We further analyzed protein length, molecular mass, and the pI values of 95 ABF proteins (Additional file 2: Table S1). According to our results, the length and molecular mass of ABFs ranged from 254 to 485 amino acid residues, and 27.81 to 52.95 kD, with a mean of 389 amino acid residues and 42.16 kD. Aquilegia coerulea_ABF1 is the longest and largest ABF (485 amino acid residues and 52.95 kD), while Citrus sinensis_ABF3 is the shortest and smallest ABF (254 amino acid residues and 27.81 kD). Zea mays_ABF5 has the lowest pI value, with 5.44, while Citrus sinensis_ABF3 has the highest value, with 10.42. ABFs in clades III, VI and VII have very close pI values, while the pI values of ABFs in clades I, II, IV, and V varied widely.

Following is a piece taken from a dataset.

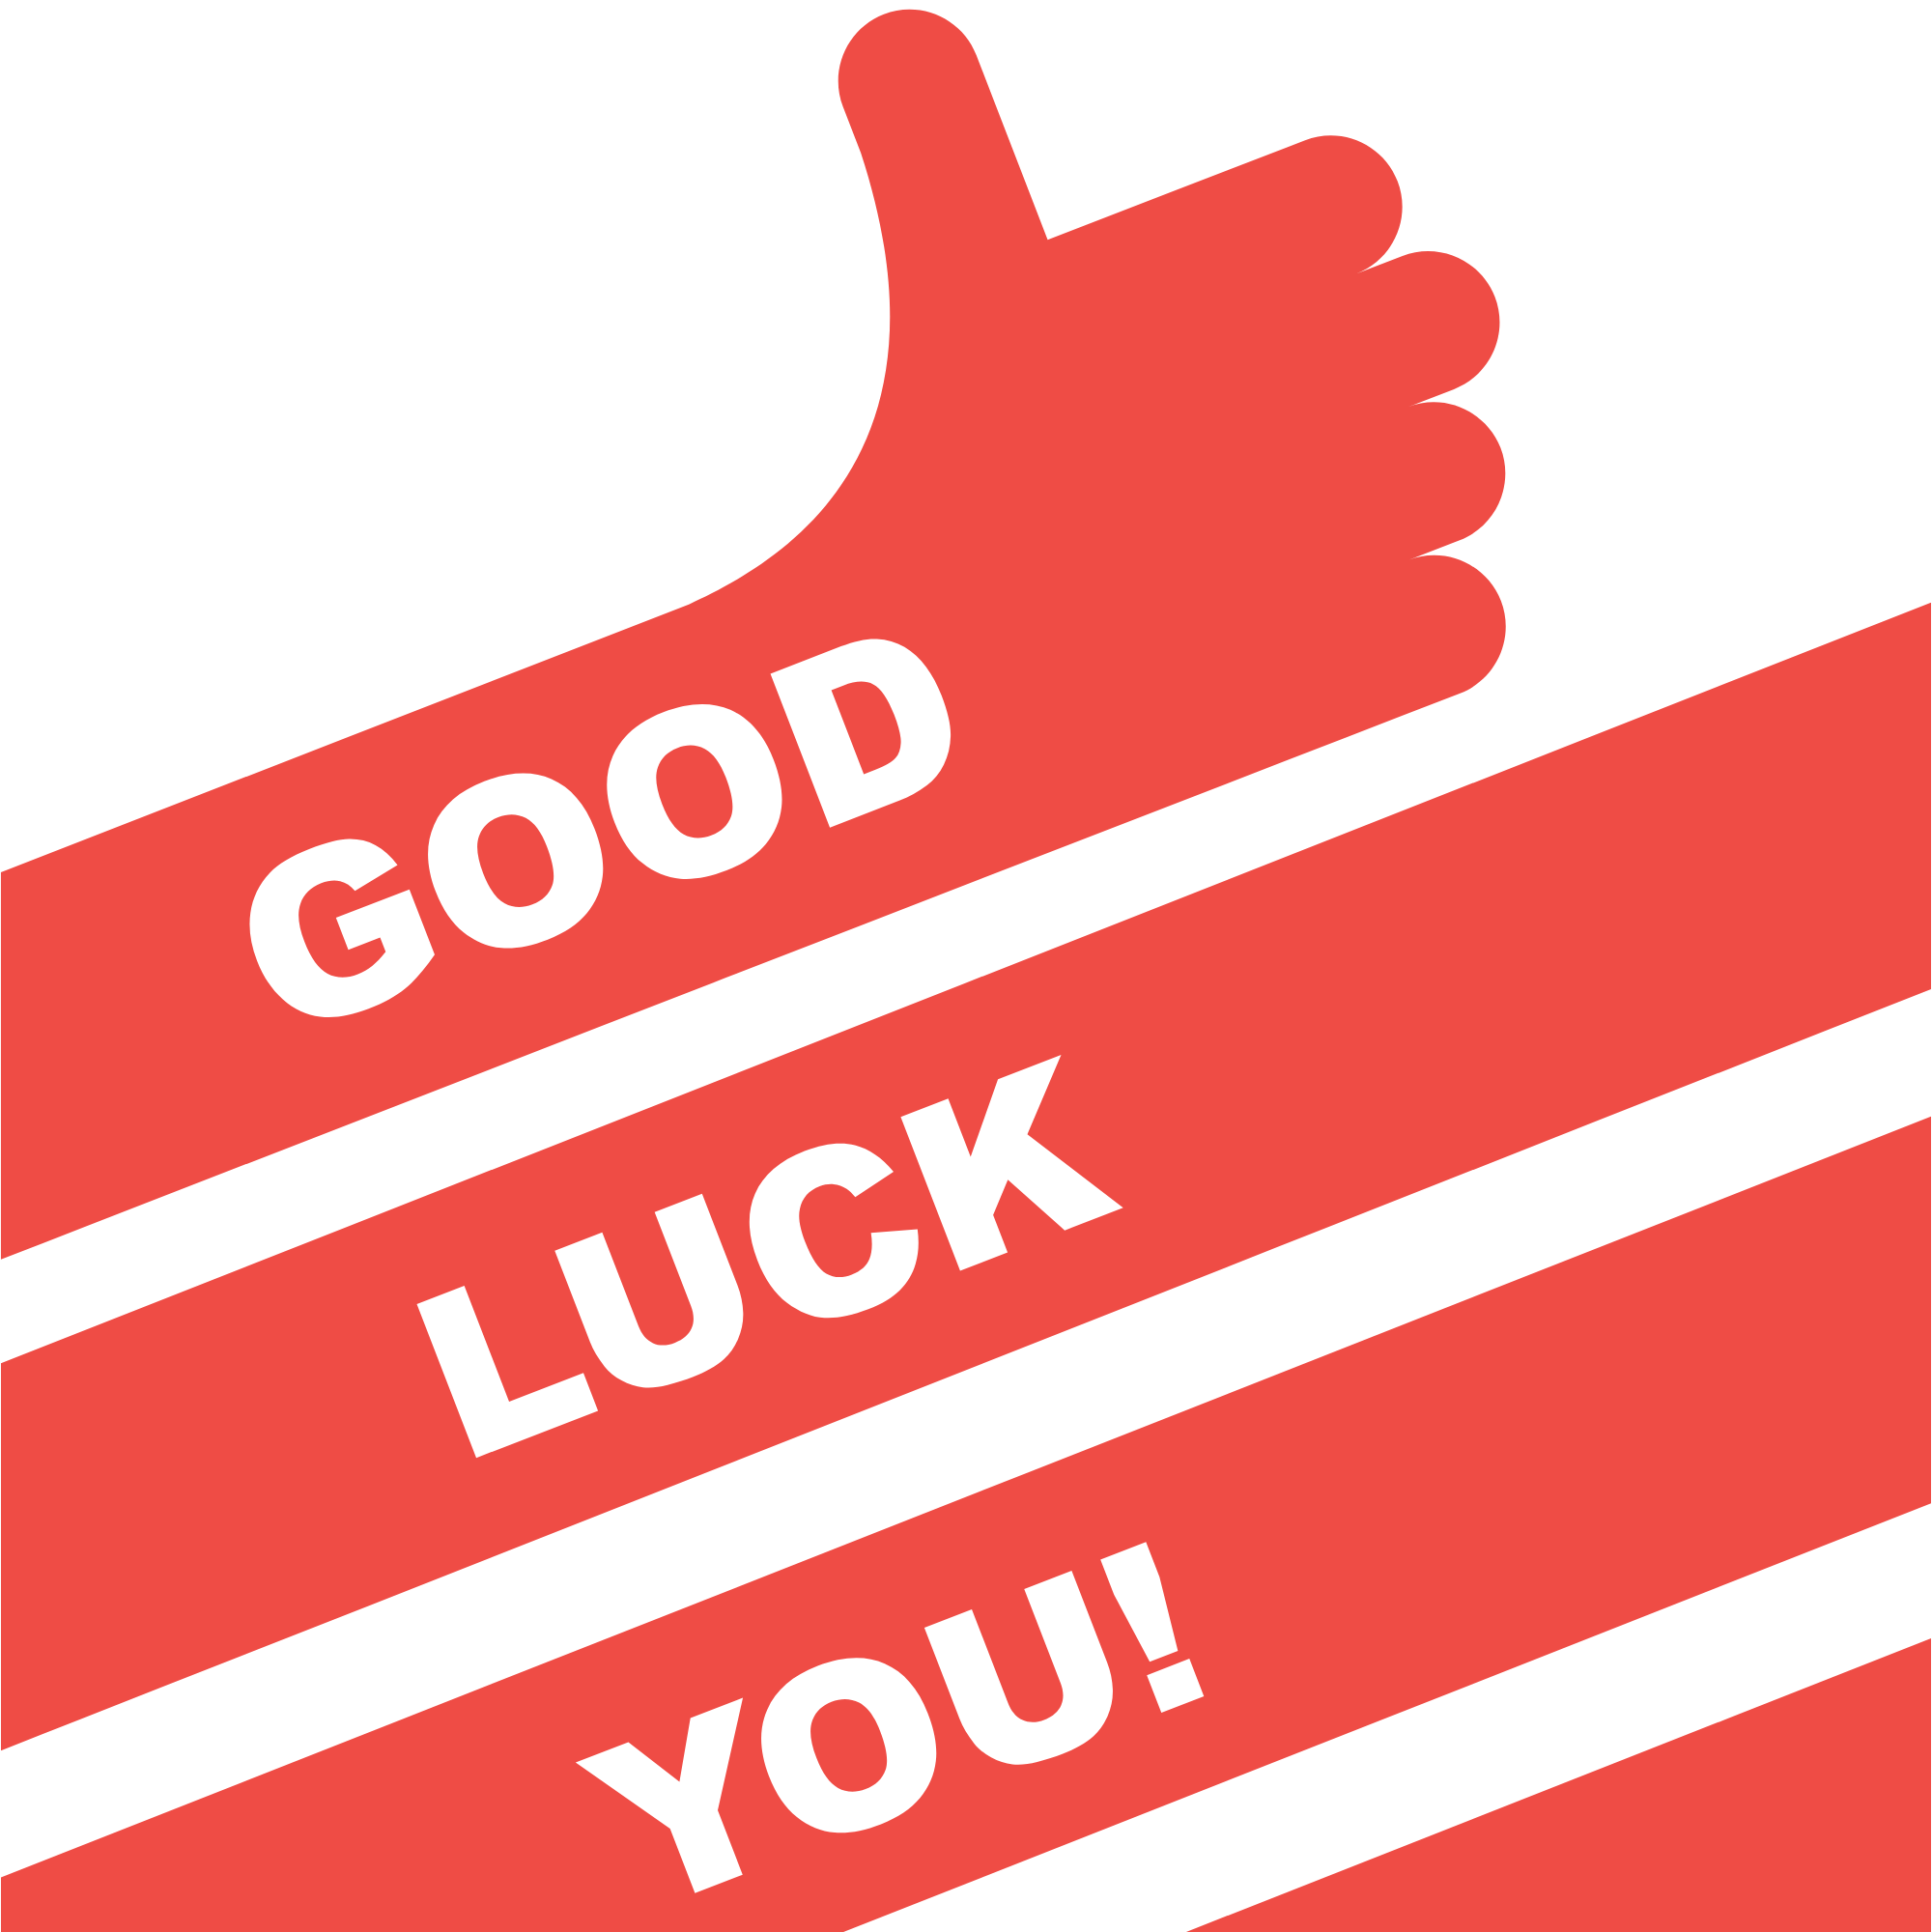 A cartoon red arm is wrapped around the screen with a thumbs up and GOOD LUCK imprinted.

Interestingly, ABFs from clade V displayed a tendency to maintain acidic pI values, with an average of 6.97, while more alkaline pI values (greater than 7) were observed in 83 out of 95 ABFs belonging to other clades (Table 1; Additional file 2: Table S1).

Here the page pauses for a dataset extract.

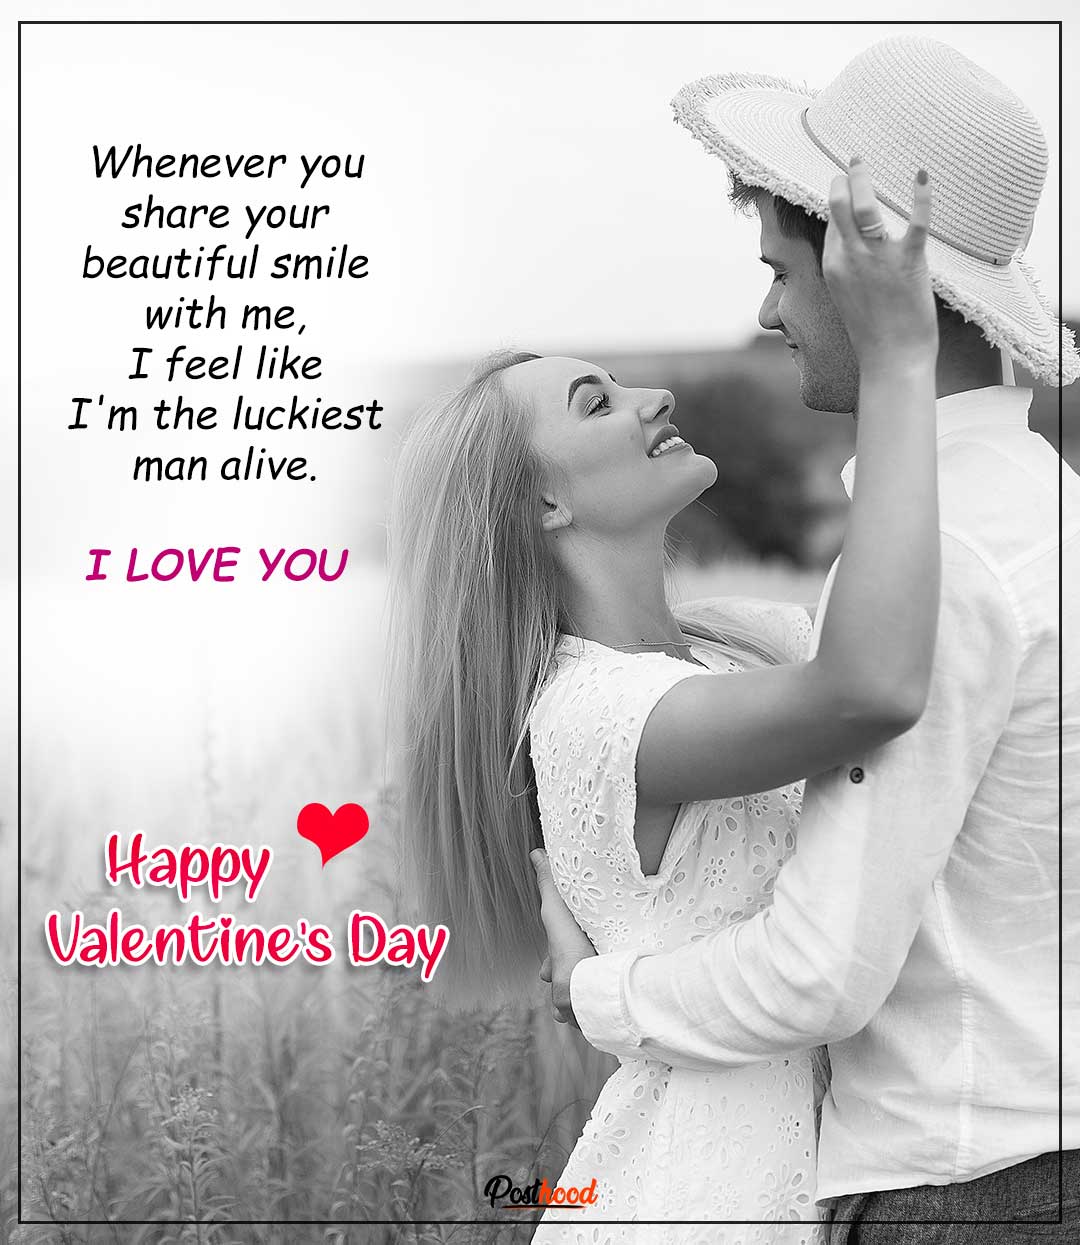 25 sweet love messages for her. These valentine messages will wrap her heart with a sweet feeling and recharge your love again.

Phylogenetic and structural analysis of plant ABFs
In order to better understand the evolutionary relationship of AREB/ABF members in land plants, we further constructed an ML tree using full-length protein sequences of 95 ABFs. According to support values (85% or greater) of the phylogenetic tree, ABFs can be divided into seven clades (clades I to VII) (Fig. 1; Fig. 2). Inside the phylogenetic tree, ABFs from the moss Physcomitrella patens and the lycophyte Selaginella moellendorffii form two independent clades, assigned as clades I (P.patens_ABFs) to II (S.moellendorffii_ABFs). The monocots can be placed into the next two clades, IV and V. The eudicots can be divided into three clades: III, VI, and VII.

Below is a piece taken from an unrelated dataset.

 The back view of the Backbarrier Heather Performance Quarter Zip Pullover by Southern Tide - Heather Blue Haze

It is worth mentioning that the phylogenetic tree (Fig. 2) aligns with the species tree shown in Phytozome (Fig. 1) with the ABFs from moss (Physcomitrella patens) and lycophyte (Selaginella moellendorffii) forming the two basal lineages of land plants. Monocot and eudicot ABFs are closer on the phylogenetic tree and form two monophyletic clades. To further investigate the accuracy of the ABF phylogenetic tree, we analyzed the exon/intron organization for each individual gene (Additional file 3: Figure S2). Of the 95ABFs, one has one exon; three have two exons; four have three exons; 71 have four exons, 13 have five exons, two have six exons, and two have seven exons. Within each clade, the gene structure of ABFs is relatively conserved, and the adjacent ABFs have a similar exon/intron structure. We then investigated the intron phases of all ABF gene structures. There are three categories of intron phase: phase 0 intron, phase 1 intron, and phase 2 intron. Our analysis indicated that the intron phase patterns (0, 0, 0) and (0, 0, 0, 0) are the predominant patterns across 95 land plant ABFs (Additional file 3: Figure S2). This analysis indicated that we have constructed a phylogenetic tree of the ABF genes in land plants that is highly accurate.
Motif composition and arrangement of plant ABFs
In order to better understand the phylogenetic relationships between plant ABFs, we aligned all of the ABF sequences to better identify the conserved amino acid residues. Based on the alignment, 35 amino acid residues are completely conserved in 88 ABFs (except for eight shorter ABFs). We further identified the conserved motifs in 95 plant ABFs using the SMART program. Finally, we found fiveconserved protein motifs in all ABFs, which are BRLZ domain and the other four low complexity regions (LCR 1-4; Fig. 3A; Additional file 4: Figure S3). ABFs belong to the basic-leucine zipper (bZIP) domain transcription factor family, and we found that the BRLZ domains are highly conserved in all plant sequences (Fig. 4).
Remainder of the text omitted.